Ex-comandante da Marinha contesta decisão do STF no Superior Tribunal Militar, alegando necessidade de novo julgamento

Ex-comandante da Marinha, Garnier questiona no STM perda automática da patente após condenação do STF, citando voto divergente de Luiz Fux.
Garnier busca reverter perda de patente ao citar voto de Luiz Fux no STM
O ex-comandante da Marinha, Almir Garnier, apresentou em 10 de março de 2026 ao Superior Tribunal Militar (STM) uma contestação da perda de seu posto e patente determinada pelo Supremo Tribunal Federal (STF). Garnier, condenado em setembro de 2025 por participação em uma trama golpista após as eleições presidenciais de 2022, argumenta que a perda da patente não deve ser automática, conforme vem sendo aplicada, mas sim submetida a um julgamento próprio do STM, conforme previsto na Constituição.
A defesa de Garnier fundamenta sua contestação citando o voto divergente do ministro Luiz Fux, único contrário à condenação na Primeira Turma do STF. Este voto é utilizado para sustentar a existência de dúvida qualificada quanto à participação individual de Garnier nos atos que motivaram a condenação, especialmente em relação aos ataques de 8 de janeiro.
Voto divergente de Luiz Fux reforça pedido de reavaliação no STM
O voto de Luiz Fux destaca a ausência de ato concreto que vincule diretamente o ex-comandante da Marinha à execução dos ataques e ações golpistas. Para a defesa, a acusação não detalha ordens específicas, mobilização de tropas nem planejamento operacional, limitando-se a citar participação em reuniões, interpretação de falas e assinatura de documentos conjuntos.
Essa divergência é crucial para a argumentação jurídica, pois demonstra que a condenação não se baseia em provas individualizadas e contundentes contra Garnier. A defesa sustenta que, diante de tal cenário, o STM deve conduzir um julgamento autônomo para avaliar se há ou não indignidade para a manutenção de seu posto e patente.
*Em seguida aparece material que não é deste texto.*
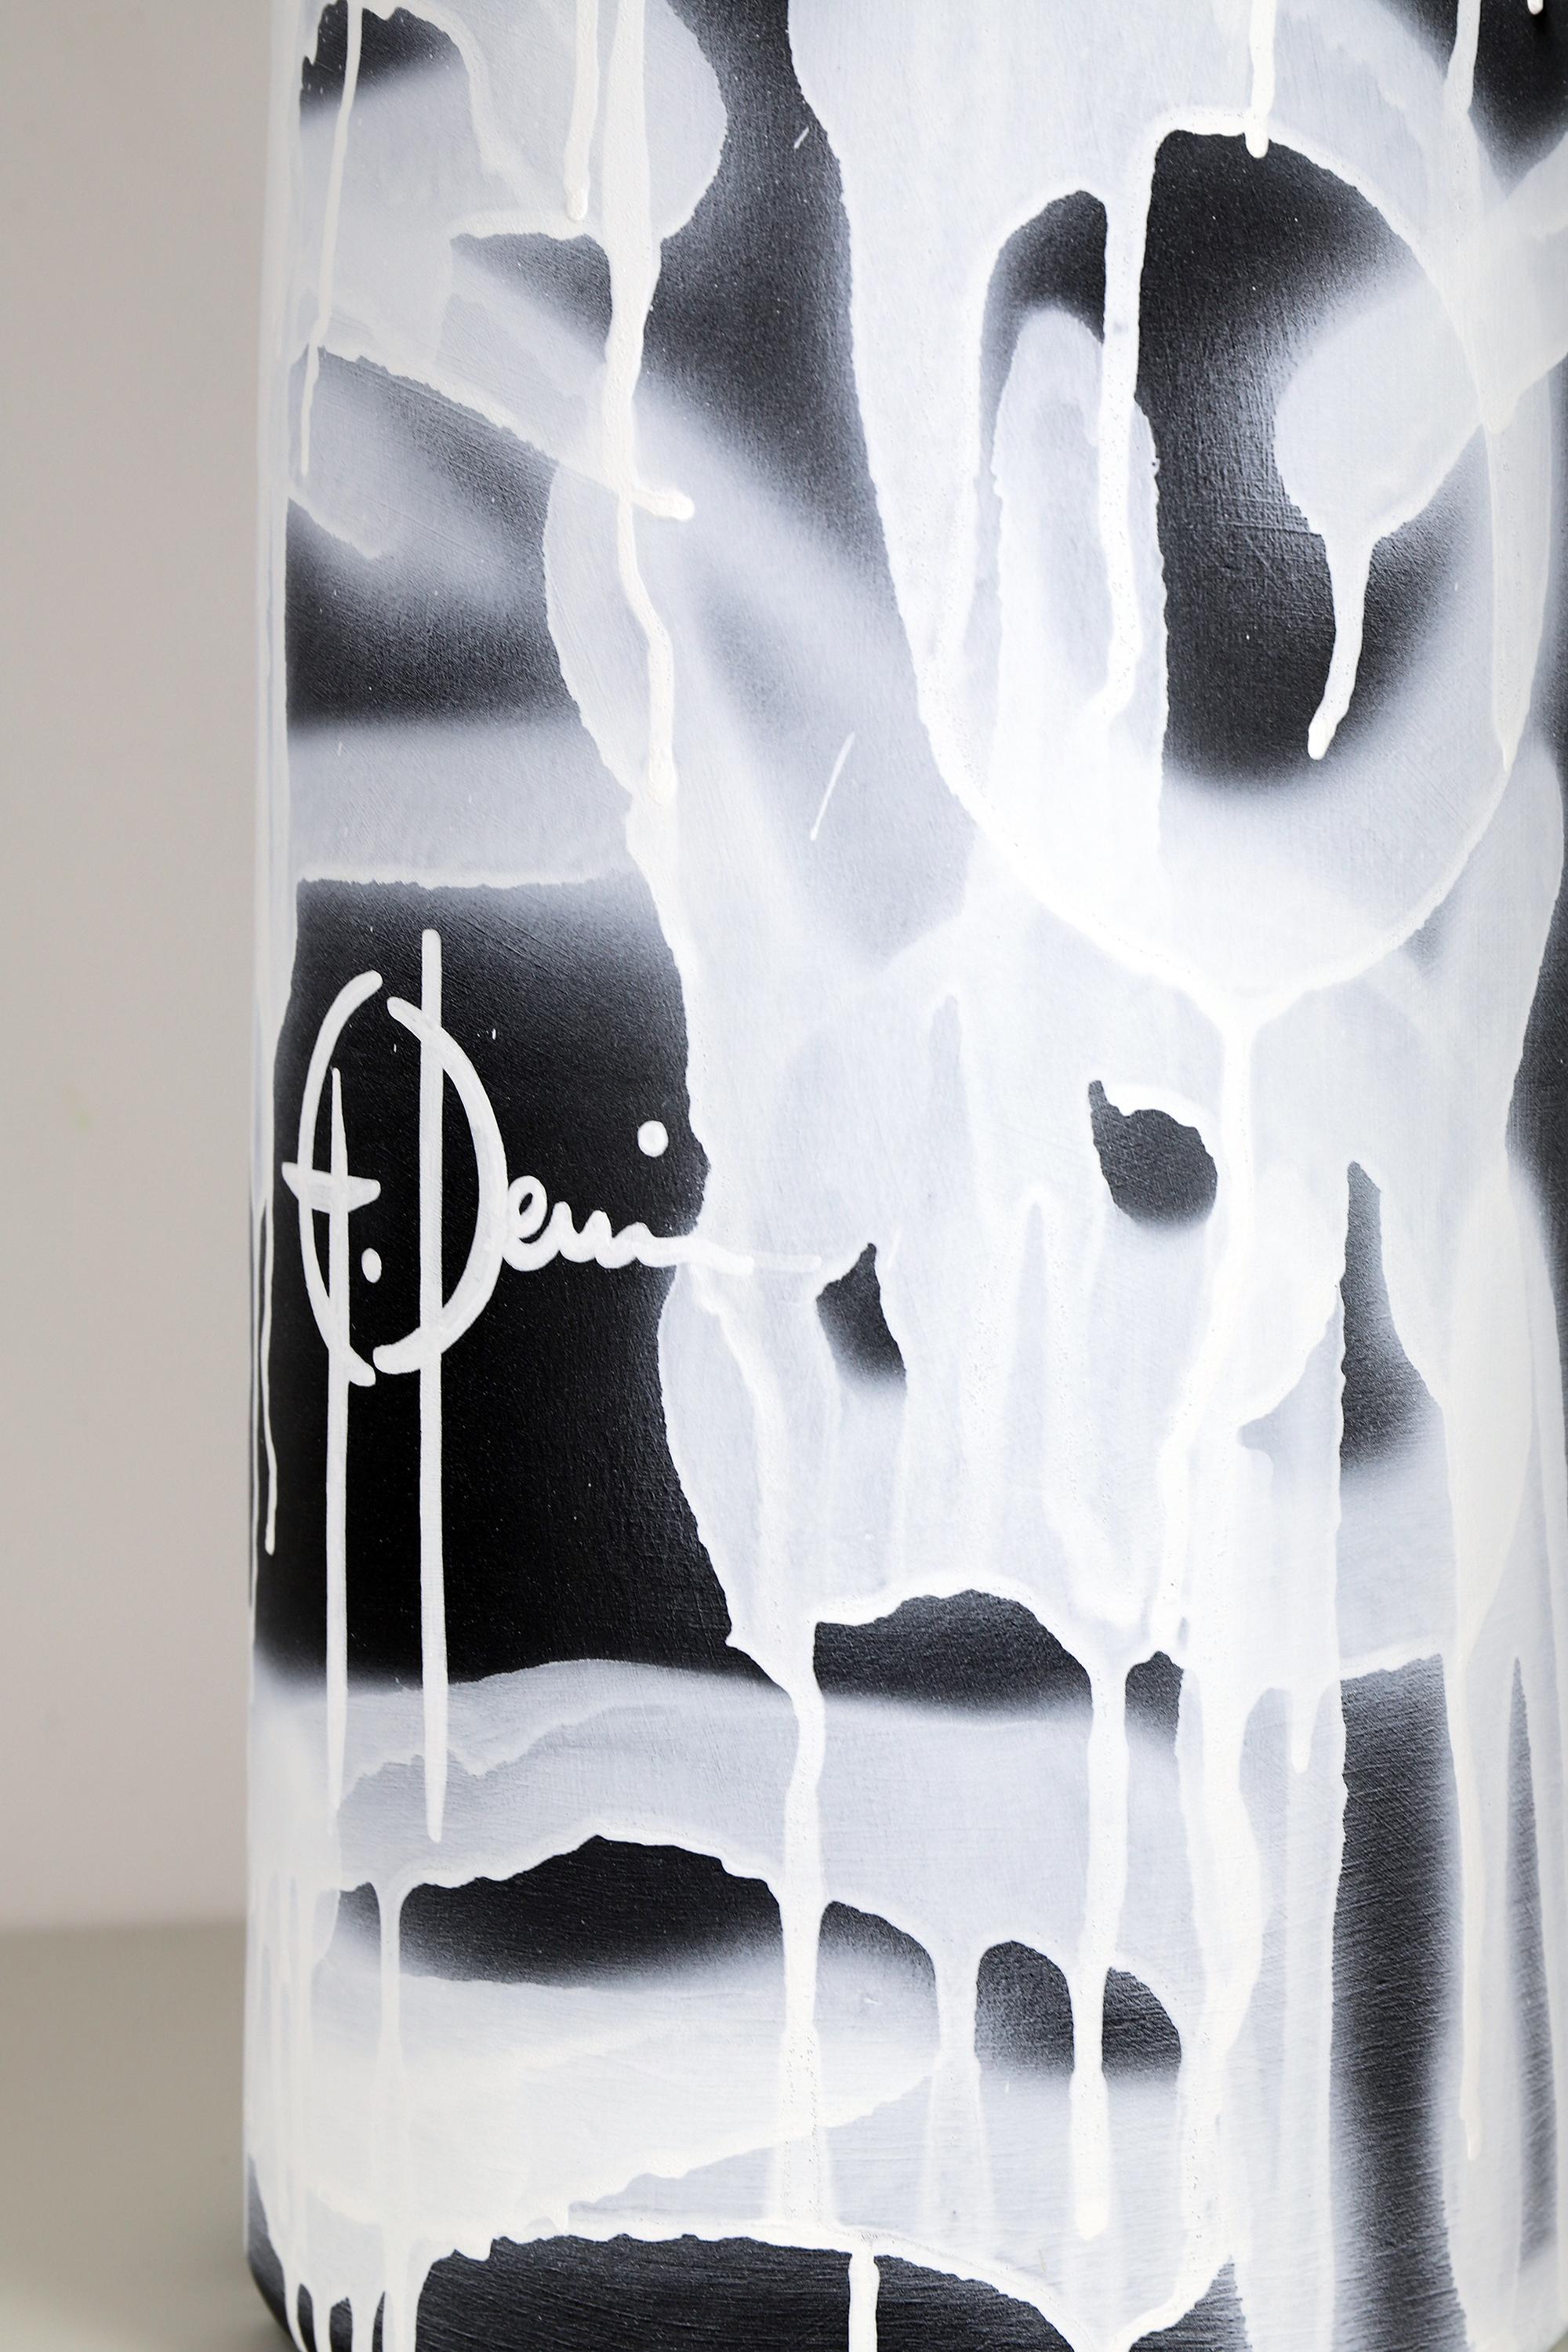 'Spectrum Nebula' Acrylic and Spray Painted Ceramic Vase - Gray Abstract Sculpture by Grégoire Devin
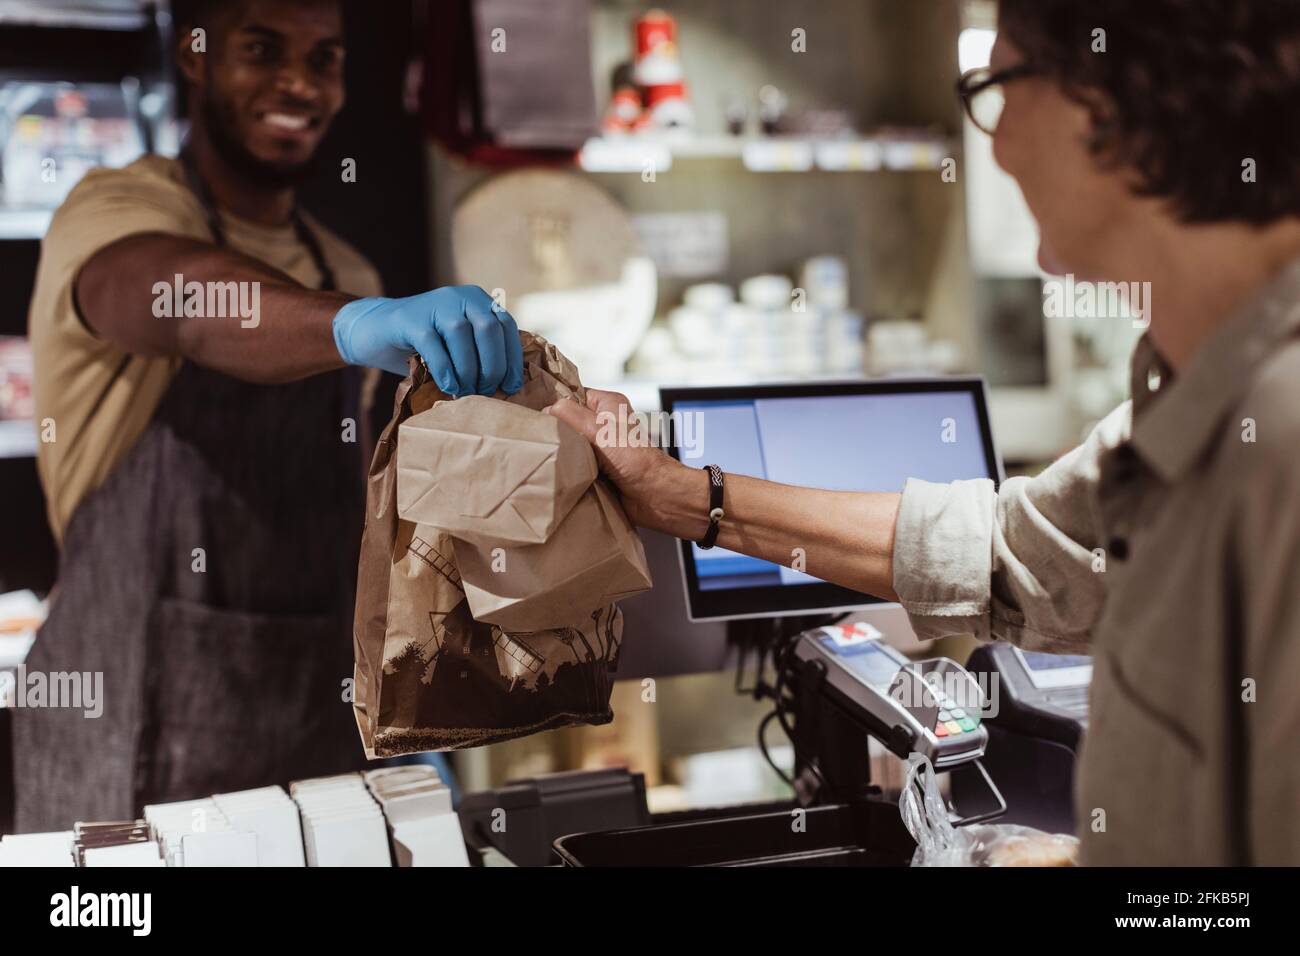 Male owner giving package order to female customer in delicatessen shop Stock Photo

Trajetória e histórico funcional de Garnier são destacados na defesa
Além da argumentação jurídica, a defesa enfatiza o longo e respeitado histórico de Garnier na Marinha. Ao longo de mais de cinco décadas de serviço, o ex-comandante acumulou elogios funcionais, condecorações e posições de destaque em cursos, sem registro de punições disciplinares.
Esse histórico é apontado como importante elemento para o juízo de proporcionalidade que o STM deve realizar, ponderando a gravidade da condenação e os méritos acumulados pelo militar na carreira.
Documentos e testemunhas são solicitados para reabertura da investigação
Os advogados de Garnier também requerem a reabertura da produção de provas no STM. Entre as solicitações estão a oitiva do atual comandante da Marinha, Marcos Sampaio Olsen, e do ex-ministro da Defesa Aldo Rebelo.
Adicionalmente, pedem acesso às mídias e degravações dos depoimentos prestados no STF, bem como documentos internos da Marinha e assentamentos funcionais do militar. Esses elementos são considerados essenciais para esclarecer pontos controvertidos e fortalecer a defesa.
Importância do julgamento próprio do STM para assegurar direitos constitucionais
A controvérsia em torno da perda da patente de Almir Garnier levanta um debate relevante sobre os procedimentos legais aplicáveis a militares condenados criminalmente. A defesa argumenta que o processo no STM não deve ser meramente homologatório da decisão do STF, mas sim um julgamento que respeite o devido processo legal e o rito constitucional específico para militares.
Esse entendimento visa assegurar que decisões que afetam diretamente a honra, a carreira e os direitos dos oficiais militares sejam tomadas com base em análises detalhadas e específicas, contemplando todas as garantias legais.
Assim, o caso de Garnier se configura como um importante precedente no equilíbrio entre as esferas civil e militar da Justiça, além de refletir desafios na condução de processos envolvendo altos oficiais das Forças Armadas no Brasil.